I've some experience building Airflow DAGs but not much in building the entire pipeline, so this is all new to me. I figure a good lightweight and financially affordable option would be to use AWS Lambdas. I can deploy a bunch of spiders in the cloud (picture that), have them harvest data on a timely basis and export the raw data to an S3 bucket, and let the Lambdas do the rest.

Architecture

The architecture of the project looks something like the following. In the extract step, we deploy a bunch of automated spiders on ScrapingHub to crawl and export data on a timely basis to an S3 bucket. In the transform step, we use a Lambda function that is triggered when new data enters the S3 bucket to process the raw data into a form that is usable for downstream analysis. Finally, in the load step, we load the data into a MySQL database, in this case an AWS RDS server. My data size and personal budget do not currently allow for anything fancier than that.

Proposed architecture of this pipeline. Spiders have been replaced with ants to improve the appealing-ness of this diagram.

The Lambda

There are plenty of templates and examples of Lambda functions online. The following is a template I've adapted from my own deployment with most of the unnecessary bits removed.

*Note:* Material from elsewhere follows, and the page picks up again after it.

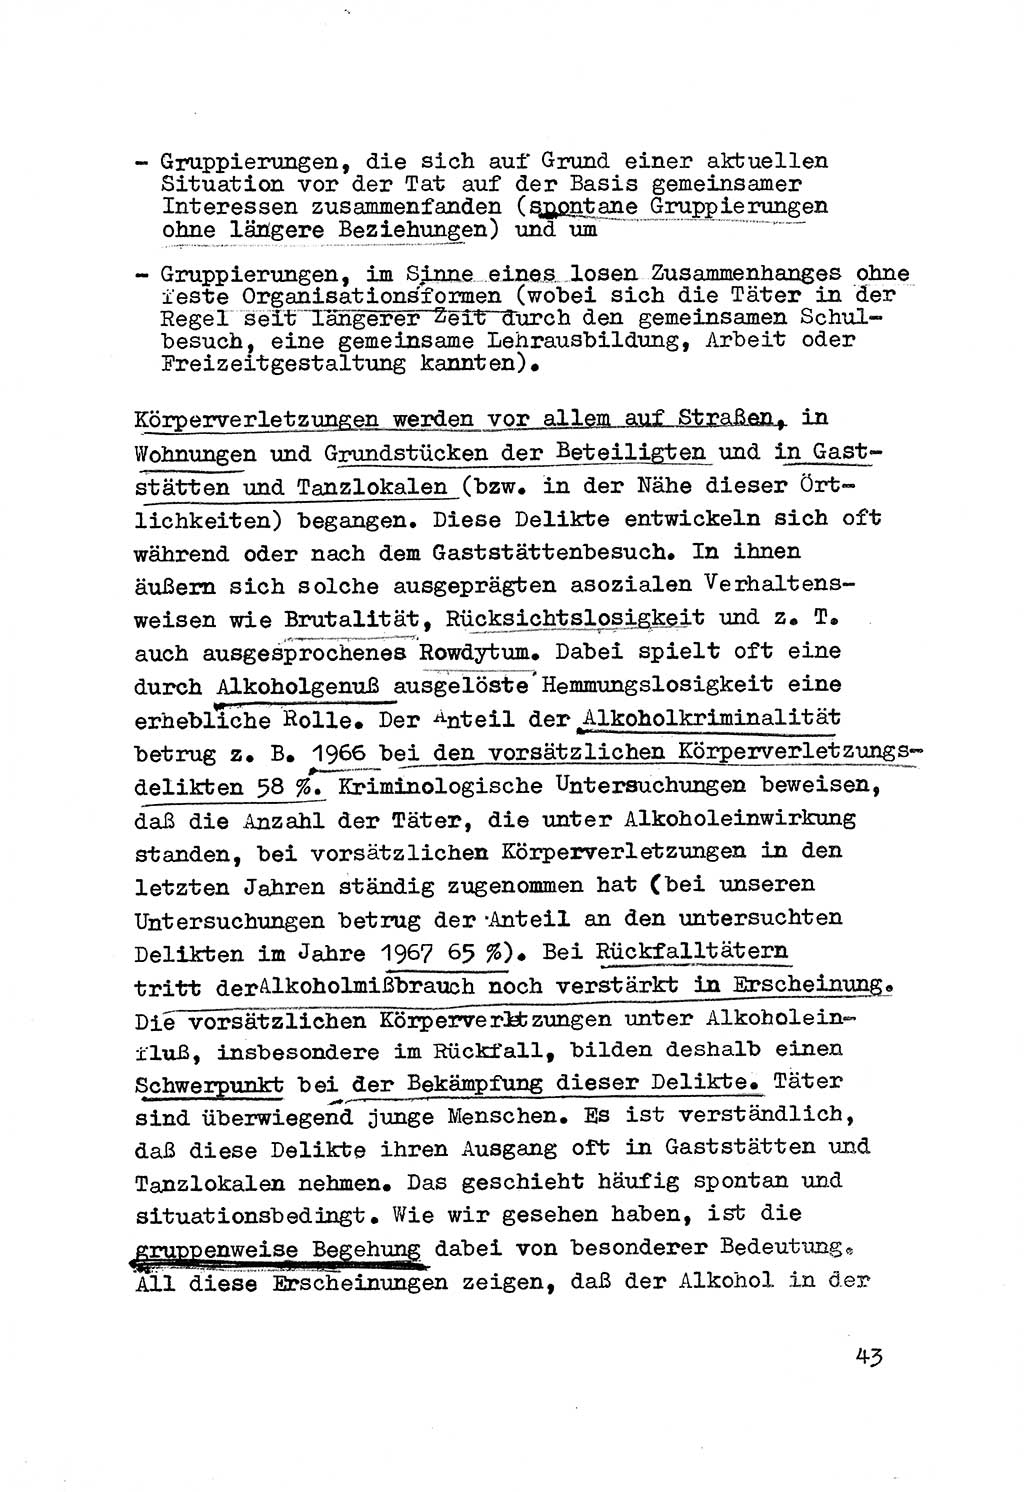 Strafrecht der DDR (Deutsche Demokratische Republik), Besonderer Teil, Lehrmaterial, Heft 3 1969, Seite 43 (Strafr. DDR BT Lehrmat. H. 3 1969, S. 43)

Isolating dependencies from logic

It's good to isolate the Lambda function from its dependencies.  This helps to keep the Lambda short and clean. The dependencies can be conveniently packaged into a Layer which can then be attached to the Lambda function. The structure of the Layer should be as follows.

layer.zip
    |-python
        |-dependency1
        |-dependency2
        |-dependency3

In this case, my main dependencies are the connectors to the various database that I am using, as well as my own library of functions for processing the raw data harvested from various sources. I cannot confirm or deny if the dist-info folder was necessary. My Layer looks as follows.

layer.zip
    |-python
        |-pymysql
        |-PyMySQL-0.9.3.dist-info
        |-(my custom library)

Then, you can simply add the Layer to the Lambda. Just note that if you are updating your Layer to a new version, you will have to tell the Lambda to use the new version. This prevents your working Lambda from breaking due to bad untested new Layers.

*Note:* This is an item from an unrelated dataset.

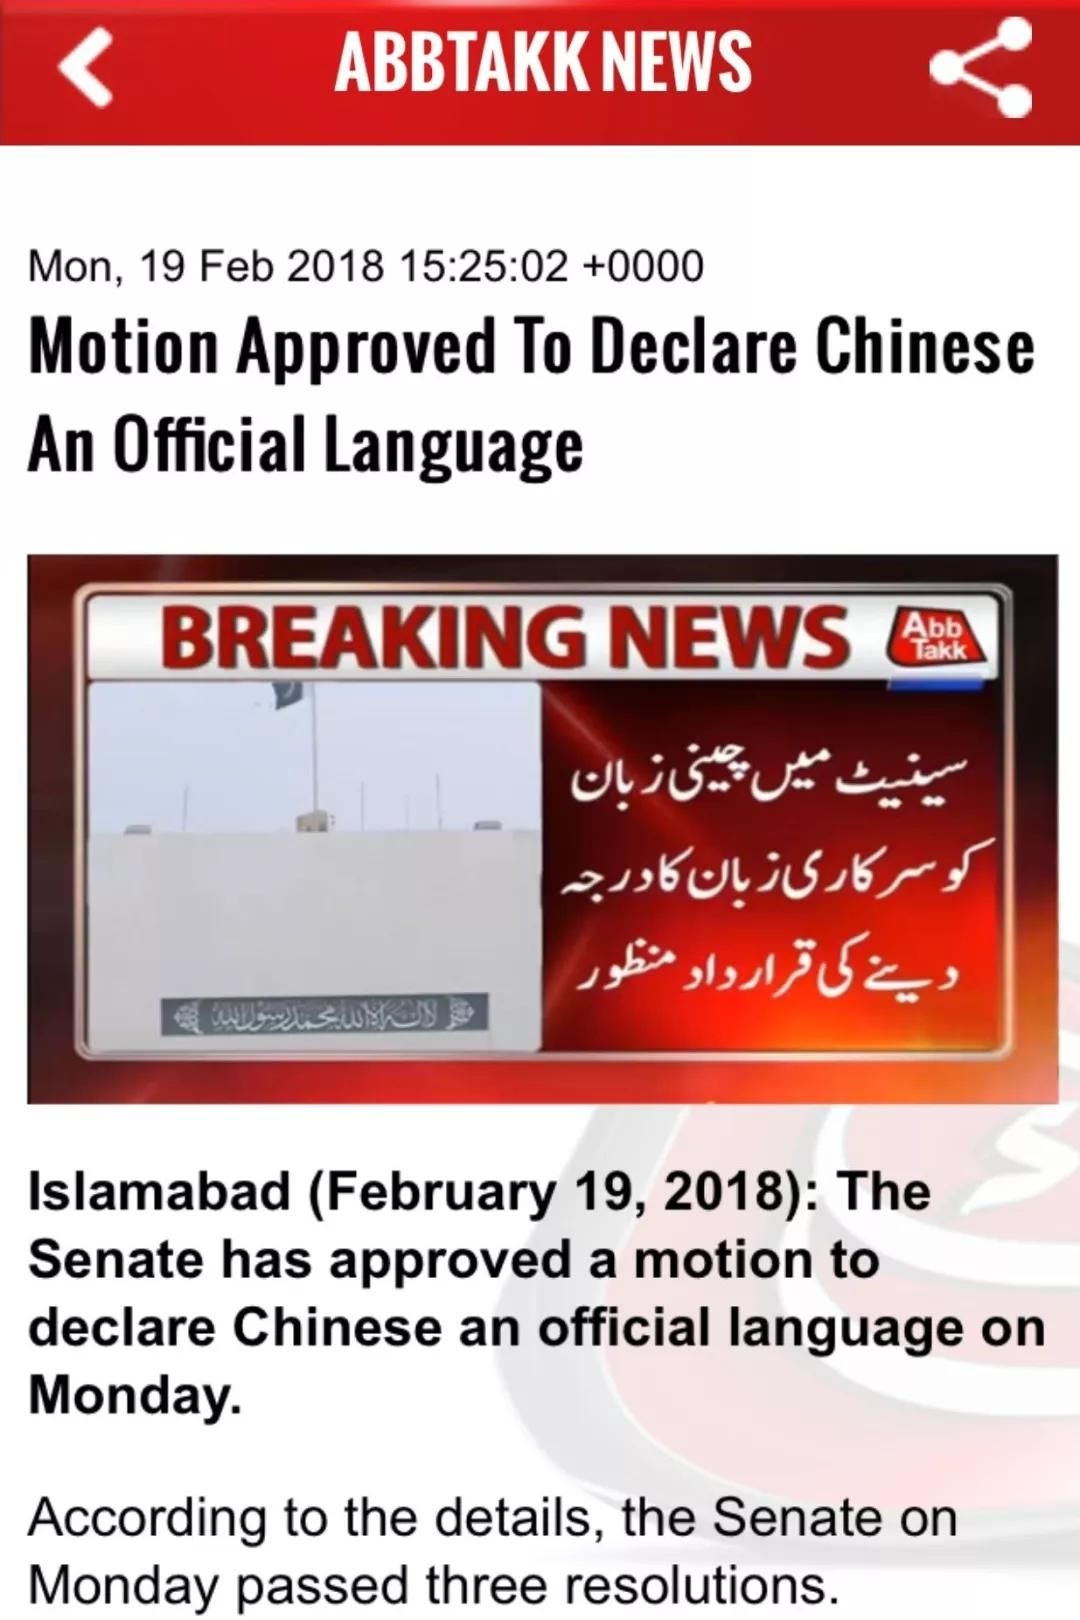 惊天大消息:汉语普通话要成巴基斯坦官方语言!真的吗?

Select the layer option, and add the layer you have uploaded.

You can vary the amount of memory you wish to provide to the Lambda function. The amount of processing power your Lambda has access to scales (linearly?) with the amount of memory being provided to the Lambda. You're billed for the product of the memory and running time, so find something that works. For myself, each raw daily dataset from a single source is about 600MB in size on average, and it takes about 22 seconds to download, process and upload (total time for the transform and load step) at 1.5GB of memory.

VPC Security Issues

Deploying all this stuff requires some minor security configuration tweaks, things I wished someone had summarized and documented somewhere for this simple task. The boto3 connector fails silently when it is unable to access files on S3 due to access controls, leading me to wonder for a while if my compute needs were beyond what Lambda could provide affordably. For a simple working configuration that I suppose is moderately secure, the Lambda function needs to be in the Virtual Private Cloud (VPC) of the resources it needs to access. In this case, I put my S3 bucket, my Lambda function, and my RDS MySQL server in the same VPC. The S3 bucket should also be in the same geographic region as the Lambda.

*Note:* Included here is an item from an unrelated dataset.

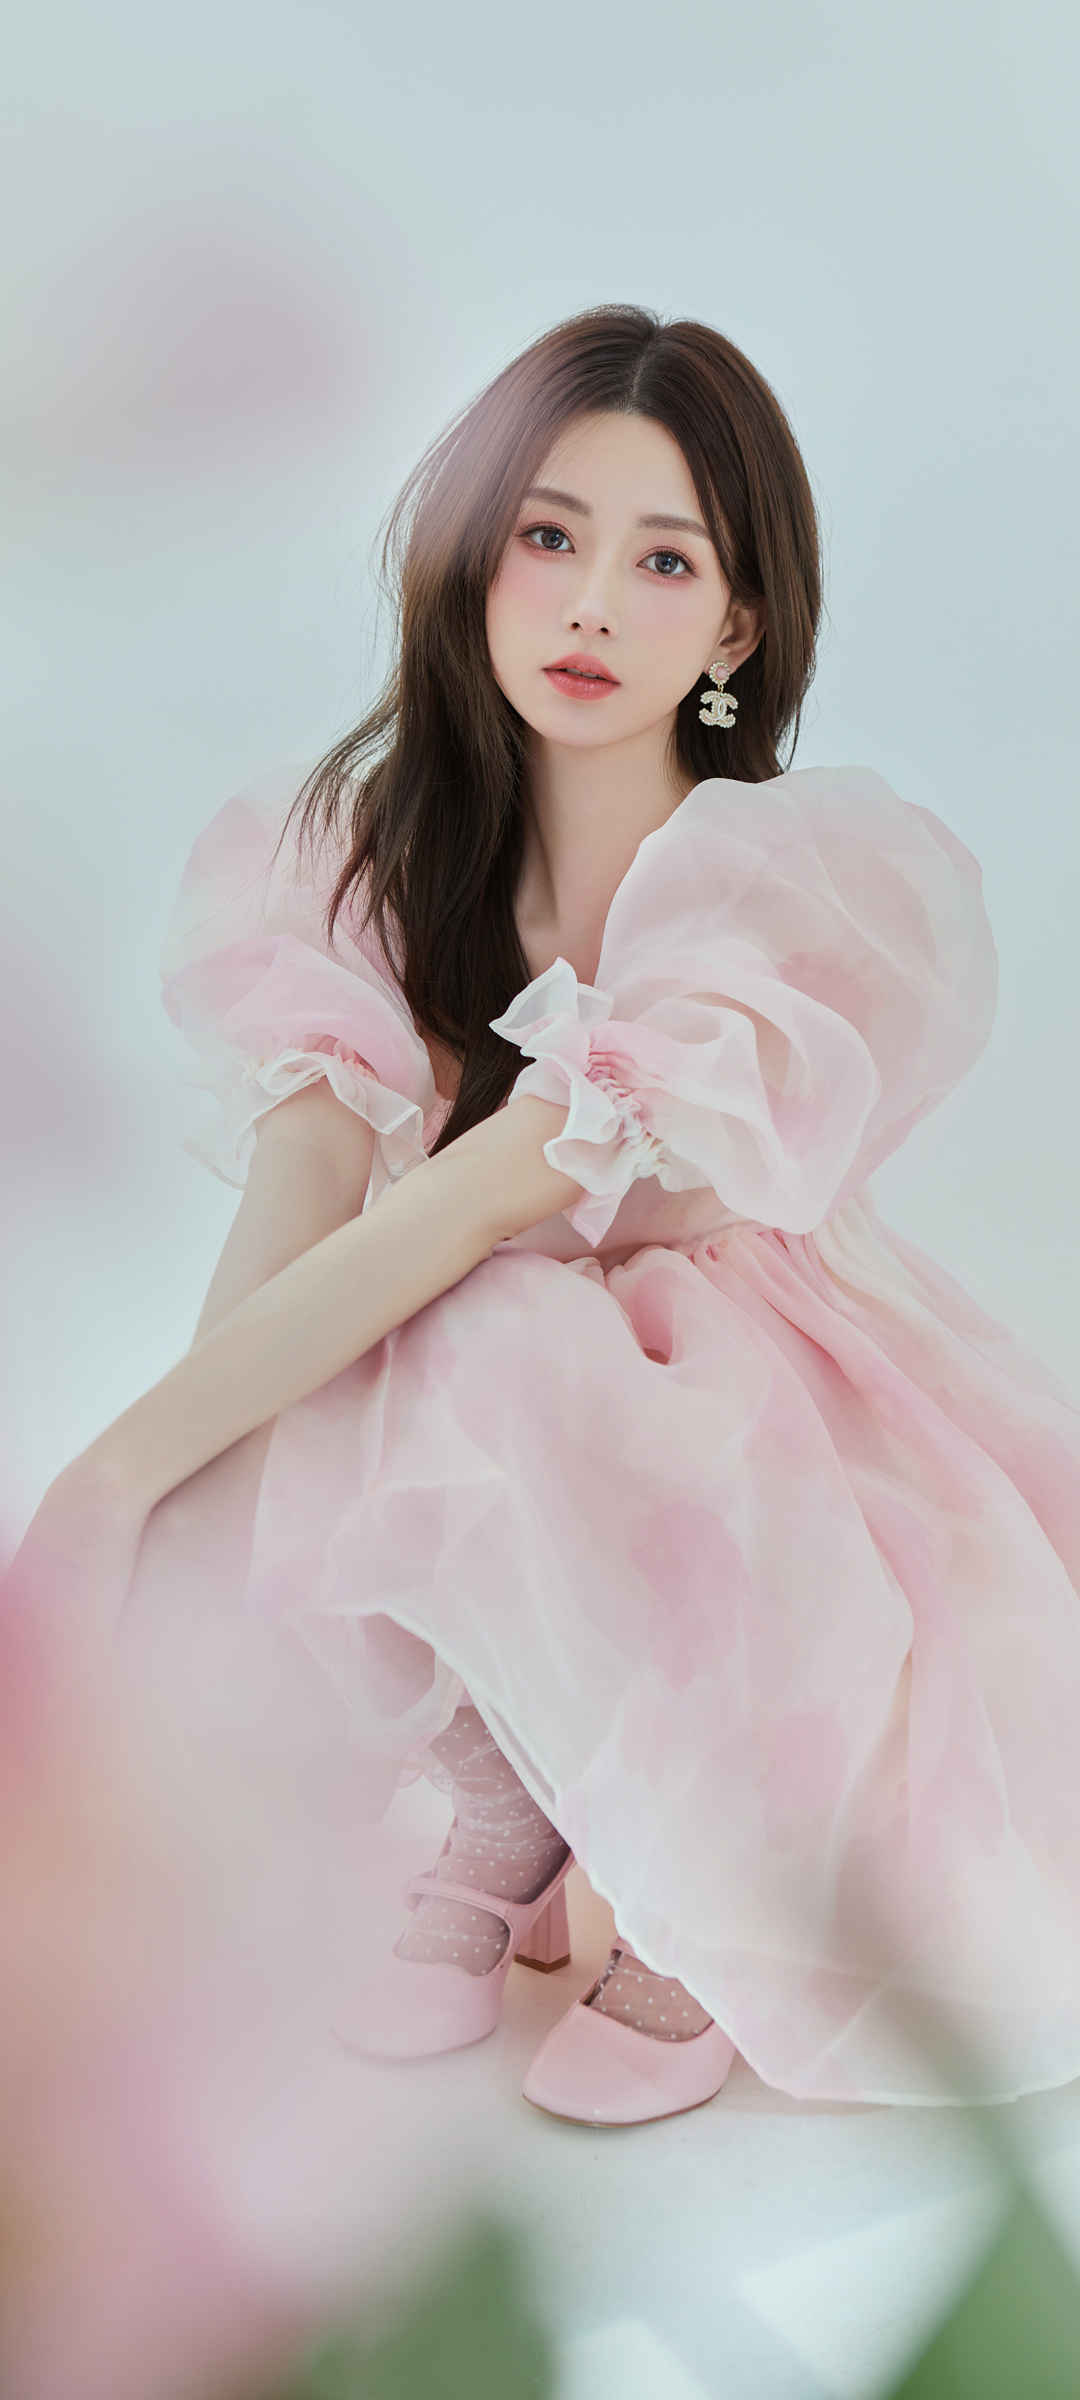 粉色裙子公主美女壁纸图片

A second important step is to change the Security Group settings to allow access to the resources from itself. By default, members of a Security Group do not trust other members in the same Security Group.

Finally, the last step is to allow incoming connections to the RDS server from the Security Group.

Bulk Loading Data

Each data source requires me to load about 20 thousand rows daily each. It still fits in one machine, so it's not Big Data obviously, but I wasn't sure if AWS charges by the database transaction. In any case, it would be more efficient to use a bulk insert as opposed to 20 thousand separate inserts. This is made convenient by the LOAD DATA INFILE command. Since we're working with relational databases with a well-defined schema, the Lambda can transform our raw data into a form that conforms to the schema (has the same headers), where it can simply be loaded into the database. My full SQL command is documented here, assuming the input file is a CSV file.

The first line is ignored because it contains the headers and not data. An annoying thing to deal with in a CSV file is the presence of extra commas in text fields. We can fix this by adding an option that indicates that fields are enclosed by quotations. This of course, only works if your fields are actually enclosed by quotations in the transform step of the Lambda. Using Python's default csv library, we can set both the quoting and the line terminator, just for consistency. A sample gist for writing the output to a CSV file is shown below.

Conclusion

I've managed to automate a pipeline for data harvesting and processing. It's also fairly modular - we can add new data sources by simply deploying extra spiders and extra Lambdas for each data source independently of preexisting ones. Should spiders break due to site changes, we can swap out broken spiders for new ones without touching the rest of the pipeline as well. In future, we can then take this processed and exported data and wrap a visualization tool around it for great fun and joy.